А вечером, после работы в колхозе матери нужно было заниматься со своим хозяйством, а именно подоить корову, накормить свинку и кур, приготовить какой-нибудь ужин, да ещё заниматься малолетней Верой, которая весь длинный день была предоставлена себе самой. Ухаживать за малолетними детьми практически было некому, так как все способные что-то делать люди были заняты работой в колхозе, а неспособные оставались в домах и не выходили наружу. Сейчас к стыду своему или ужасу, не могу вспомнить, чем и как занималась сестра Вера в те дни, когда мы работали в поле, и как она росла. А я, приходя с работы, раздевался и падал на металлическую кровать, тогда не хотелось, не есть, не пить, а только завалиться и поскорее уснуть глубоко. Но хорошего сна не получалось, потому что ноги после долгого хождения по полю в промокших лаптях, а иногда босиком, ночью начинали невыносимо болеть, и уж тут было не до сна. Я вскакивал, как очумелый и начинал бегать по комнате до тех пор, пока боль не утихала.

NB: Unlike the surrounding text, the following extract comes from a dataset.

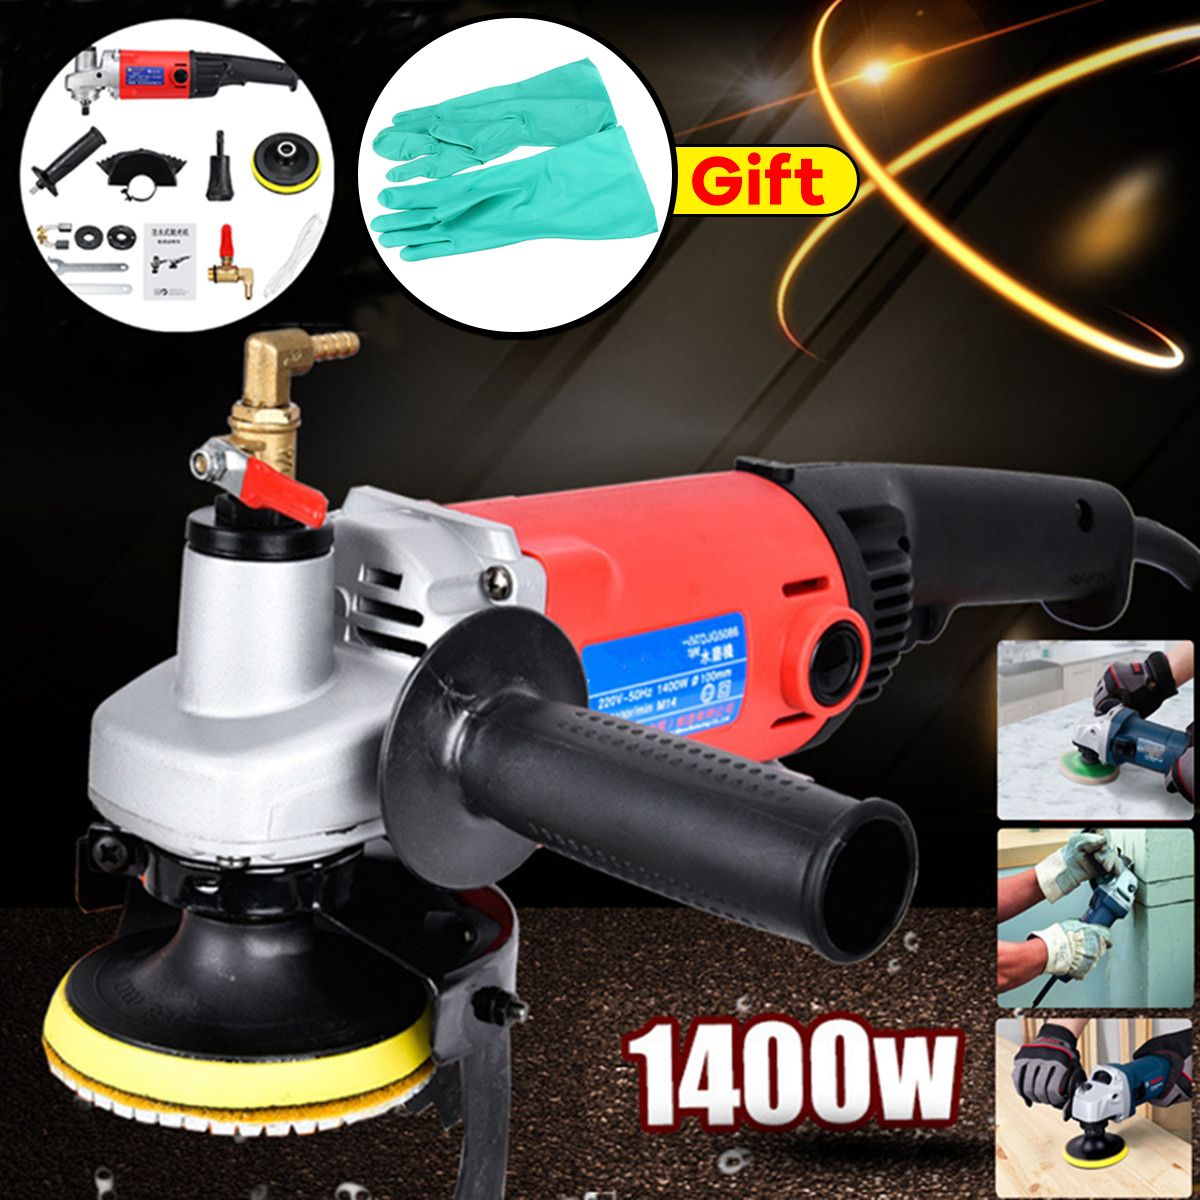 1400W-Wet-Polisher-Grinder-Speed-Adjustable-Diamond-Polishing-Pads-Kit-Grinding-Machine-Tool-Concret-1393985

Проходят десятки лет, а вот такая зараза, как боль в ногах иногда приходит ночью, а конкретно после того, как я поработаю физически интенсивно, или пройду значительное расстояние по ровной или неровной местности и я, чтобы прекратить боль в ногах, вскакиваю с кровати и бегаю и кручусь в комнате. Бывали и такие случаи, когда я со своими нервозностями в постели, во сне ногами бил жену Нину в задницу и передницу, что опасно для её здоровья. Бег и кручение помогают, боли в ногах отступают, видимо потому, что кровь приливает в нижние конечности в большем количестве.

Утром мать вставала очень рано, если нужно было, то топила русскую печь, готовила небогатое и нехитрое питание на весь день, а я выгонял корову на божью волю добывать себе самостоятельно питание, задавал корм курам и свинке, после чего мы отправлялись в поле на работу, предоставляя сестру Веру самой себе. Такая работа в колхозе и забота в домашнем хозяйстве продолжались весной, летом и осенью.

Толком отдохнуть можно было только тогда, когда была дождливая погода, которая не давала возможности работать в поле и на лугу во время обработки поля и на уборке урожая. Но и в непогоду надо было заниматься домашними работами, такими как сбор грибов, ягод, съедобных трав и кореньев, и это было большим подспорьем для всех людей в те времена.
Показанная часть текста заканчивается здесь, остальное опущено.